Notícia

Dia da Visibilidade Intersexo ’23

Hoje celebramos o Dia da Visibilidade Intersexo e relembramos que este dia foi criado, em 1996, como forma de protesto e de sensibilização para as intervenções médicas abusivas e perigosas que eram forçosamente realizadas em crianças intersexo. 

Passados quase 30 anos, sabemos que, embora as questões específicas das pessoas intersexo sejam mais discutidas, isto não quer dizer que haja informação suficiente sobre as suas vivências ou que elas estejam mais seguras na sua autonomia corporal e identitária. 

O termo “intersexo” refere-se a um amplo conjunto de diferenças fisiológicas e fisionómicas na anatomia reprodutiva e sexual e nas características sexuais primárias e secundárias. As pessoas intersexo podem saber que o são desde a nascença, na puberdade ou quando já são adultas. Muitas pessoas podem nem sequer chegar a saber que são intersexo. O mais importante, no entanto, é perceber e afirmar continuamente que as diferenças intersexo não são sinal de doença ou de malformação. 

A falta de informação sobre o que podem ser as características intersexo tem um impacto enorme, prejudicando tantas vezes a  saúde física e psicológica das pessoas intersexo, uma vez que ainda existe a ideia, em contexto médico e fora dele, de que os seus corpos devem ser “corrigidos” desde o momento em que estas diferenças são identificadas, geralmente durante a infância.

Em Portugal, a Lei n.º 38/2018, de 7 de agosto, veio estabelecer o direito à autodeterminação da identidade de género e expressão de género e à proteção das características sexuais de cada pessoa, proibindo a prática de intervenções cirúrgicas, farmacológicas ou de outra natureza que visem modificações ao nível do corpo e das características sexuais de pessoas intersexo menores de idade. No entanto, o facto de a lei apenas estipular a proibição destas intervenções “até ao momento em que se manifeste a sua identidade de género” fica aquém do desejado e não retira a possível arbitrariedade da tomada de decisão neste processo, uma vez que sabemos que a identidade de género é tantas vezes um processo, podendo nunca chegar a constituir um “ponto de chegada” definitivo como o excerto que citamos pressupõe. Além disto, a lei parece pressupor ainda que da identificação de género se depreende uma vontade de recorrer a práticas médicas, o que pode não ser verdade (e não o é tantas vezes). Por outro lado, apesar da publicação, pela Direção-Geral de Saúde, do Volume 1 da Estratégia de Saúde para as Pessoas LGBTI+ em 2019, com foco na promoção da saúde das pessoas trans e intersexo, não têm sido feito esforços por formar a comunidade médica nesta questão, nem existe qualquer mecanismo de monitorização da implementação e respeito desta proibição contra cirurgias medicamente desnecessárias, incluindo a mutilação genital de crianças intersexo.

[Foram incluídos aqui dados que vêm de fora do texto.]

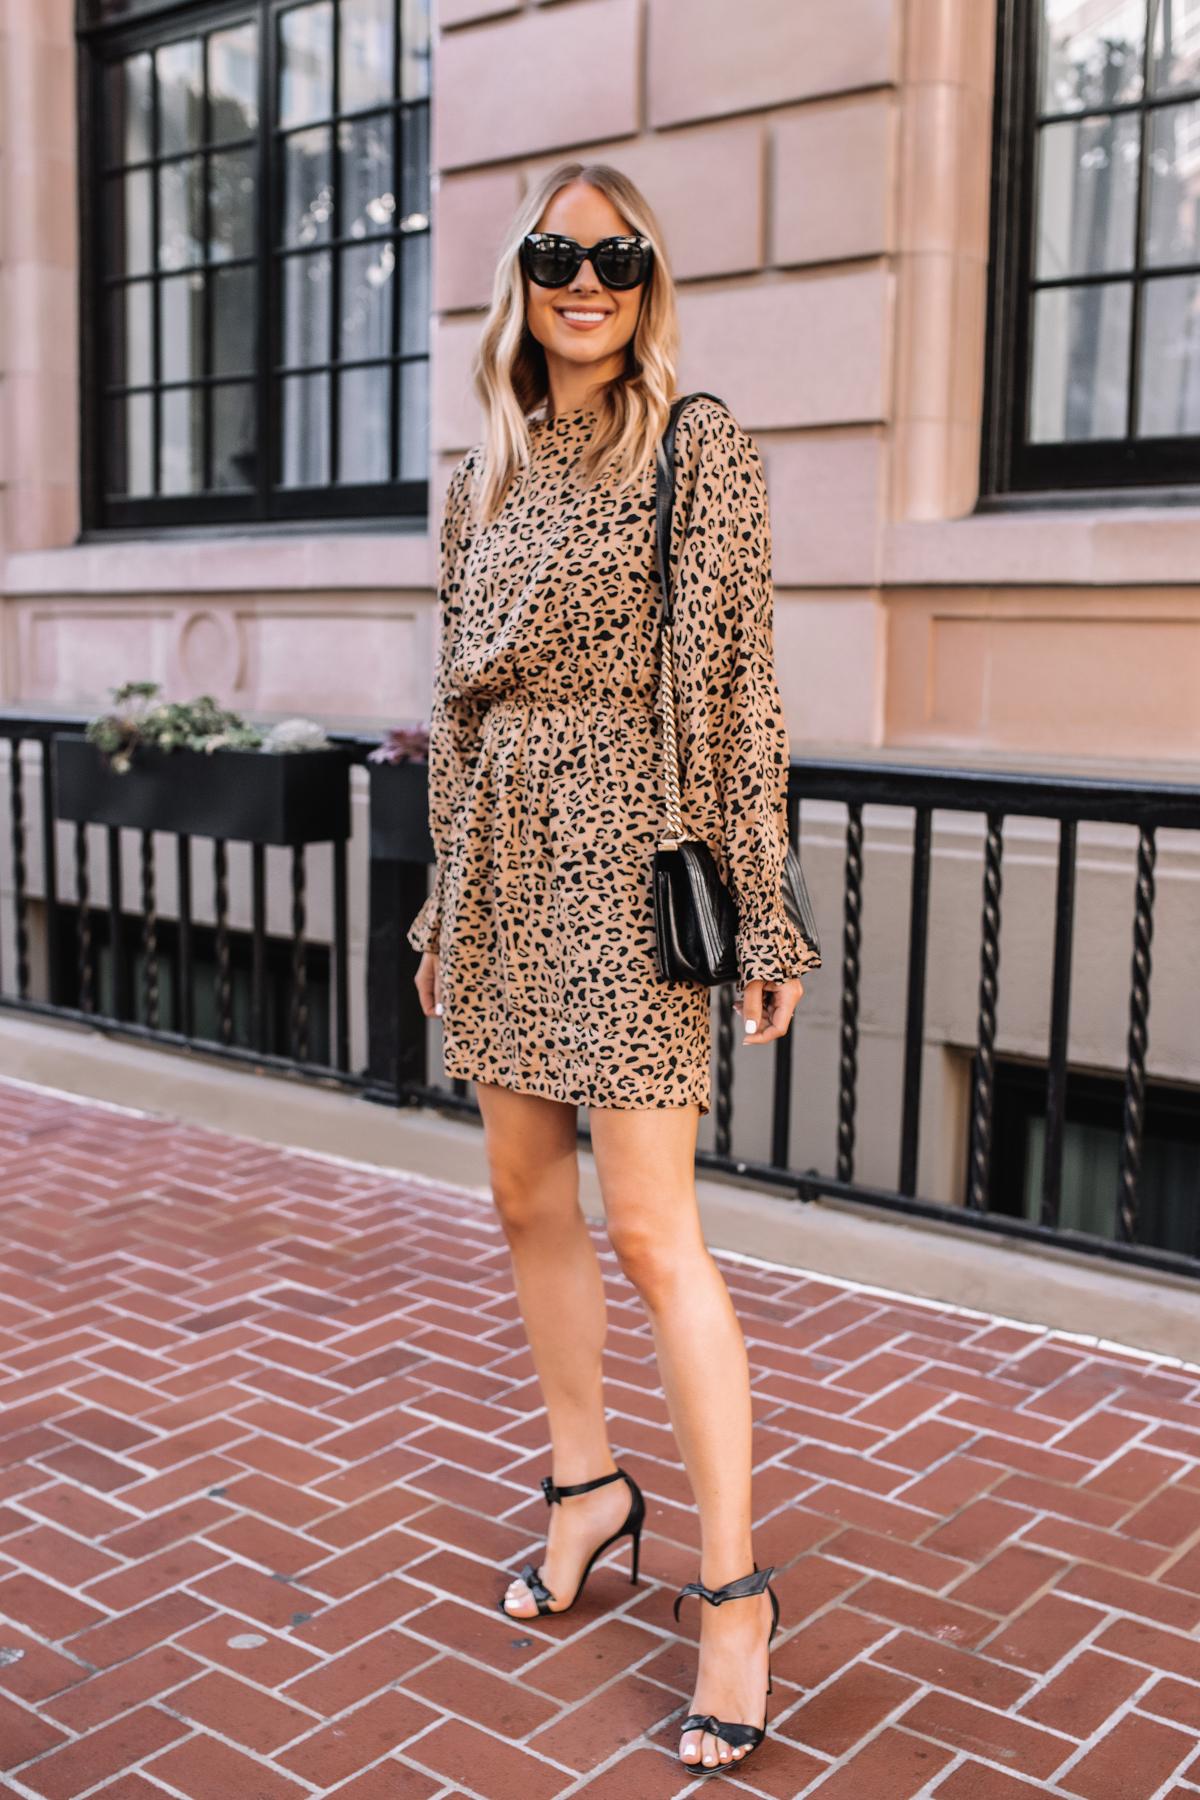 Fashion Jackson Wearing Baum und Pferdgarten Aemiley Drape Leopard Mini Dress Black Heeled Sandals Black Handbag 1
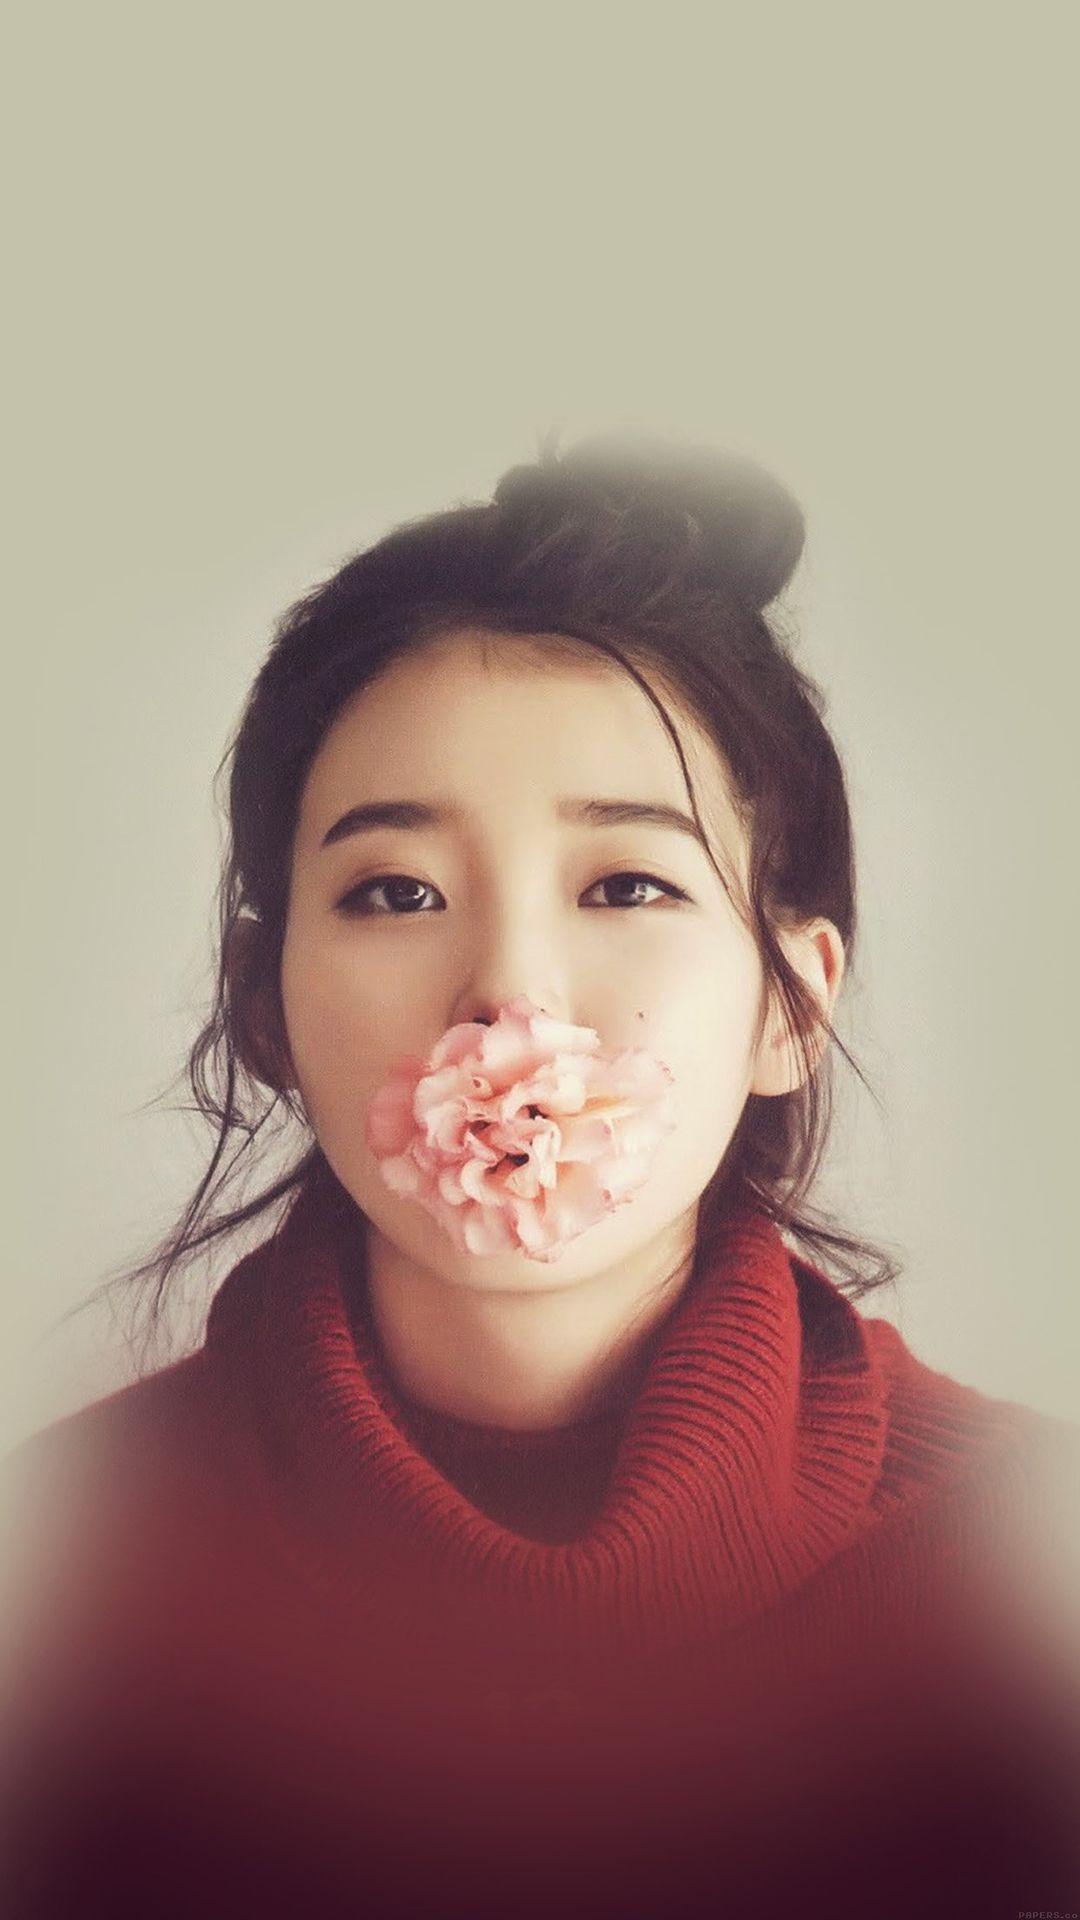 kpop iu singer music cute girl sexy iphone 6 wallpaper

Este é um caso cabal que prova que a aprovação de leis de proteção não é suficiente se não for acompanhada por formação, monitorização e políticas específicas de defesa e valorização dos grupos sub-representados. 

Por tudo isto, afirmamos e reafirmamos as vezes que forem necessárias que as pessoas intersexo são pessoas inteiras e devem ser elas quem toma as decisões sobre o seu corpo, a sua identidade e as suas formas de vida. 

Por tudo isto, hoje celebramos as pessoas intersexo em toda a sua diversidade.

Por tudo isto, acima de tudo, reivindicamos o seu acesso a cuidados de saúde, específicos ou não, apenas e unicamente com o seu consentimento informado. Reivindicamos a proteção de crianças e jovens intersexo pela lei e pelos Governos. Reivindicamos mais informação científicamente fidedigna sobre as pessoas intersexo.

Por tudo isto, relembramos que a diversidade de corpos e de identidades e expressões de género é desejável e deve ser valorizada e respeitada.